If you have the NCBI Eukaryotic Genome Annotation Pipeline gtf of your genome and provide --egap_gtf ```/path/to/reference.gtf```, the pipeline automatically downloads and runs the ```merge_stringtie_names.py``` script.
That script further refines your GTF by comparing it to a reference (the “EGAP GTF”), ensuring consistent naming of transcripts and unifying gene_id vs. gene_name across transcripts and exons.
The final result is a new file (by default named ```transcripts_named.gtf```), which can then be used in the main amyg pipeline.

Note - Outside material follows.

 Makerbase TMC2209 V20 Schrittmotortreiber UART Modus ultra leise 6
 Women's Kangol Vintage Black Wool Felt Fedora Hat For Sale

#### If you just want to unique‐ify your gene IDs:
```
amyg --preprocessing -a /path/to/mygtf.gtf
```

#### If you also want to merge your GTF with an EGAP reference for consistent naming:
```
amyg --preprocessing \
  -a /path/to/mygtf.gtf \
  --egap_gtf /path/to/egap_reference.gtf
```
```transcripts_named.gtf``` will be produced, that can be input for amyg pipeline

---
## Interested in genome-wide duplications? please run with ```--dups``` flag

### 1) Docker Mode
```
mkdir test_docker
amyg \
  -a /path/to/my_genome.gtf \
  -g /path/to/my_genome.fasta \
  -o ./test_docker \
  --threads 25 \
  --use_docker \
  --force \
  --dups \
  --chunk_size 20000
```
### 2) Conda Mode
```
mkdir test_conda
amyg \
  -a /path/to/my_genome.gtf \
  -g /path/to/my_genome.fasta \
  -o ./test_conda \
  --threads 25 \
  --use_conda \
  --force \
  --dups \
  --chunk_size 20000
```
- Enabling ```--dups``` flag will also enable ```--chunk_size``` that will slice the genome (default at 20000 bp) and will test synteny comparing all fragments vs all, and at the end will reconstruct genomic segment with strong duplication evidence across the genome. Also, it will produce ```final_annotated_dups.gtf```which contains the annotation of duplicated genes on the ```final_annotated.gtf``` file    
- The results of the pipeline will be inside i.e: ```./output_folder/amyg_20250101_150629/final_results/```
---

## Plot duplications
- Inside i.e.: ```amyg_20250101_150629/final_results``` users can do the following 
```
wget https://raw.githubusercontent.com/cfarkas/amyg/refs/heads/main/scripts/plot_dups.py
chmod 755 plot_dups.py

python plot_dups.py \
    -a transcriptome_annotation_table.tsv \
    -g final_annotated_dups.gtf \
    -s synteny_blocks.csv \
    -o ./
```
This script will produce two stacked bar plots. 

Plot A:
  - Sorted contigs with percentage of Ancient (green), Recent (orange), Other (gray) genes

Plot B:
  - Classify *all duplications* (either “ancient” or “recent”) as:
      * "intra-only" (blue)   if contig is found ONLY in self-synteny blocks
      * "inter-only" (red)    if contig is found ONLY in cross-synteny blocks
      * "both"       (black)  if contig is found in both self- & cross-synteny
      * "other"      (gray)   if duplication_type ∉ {ancient,recent} 
                              OR contig not found in synteny at all
    So the bar shows how we partition the entire set of duplicated genes 
    among (intra-only, inter-only, both). 

   
---
## Requirements

- **Python 3.7+**  
- **Miniconda** or **Docker** installed on your system  
- Enough disk space for BLAST DB and GTF/FASTA inputs

---

### Troubleshooting

**Ctrl+C** in the middle of a run 
Kills Docker containers so you don’t have to manually do it.

**Permission**  
Make sure you have write access to your output directory and local Docker permissions.

---

### License

This project is licensed under the MIT License.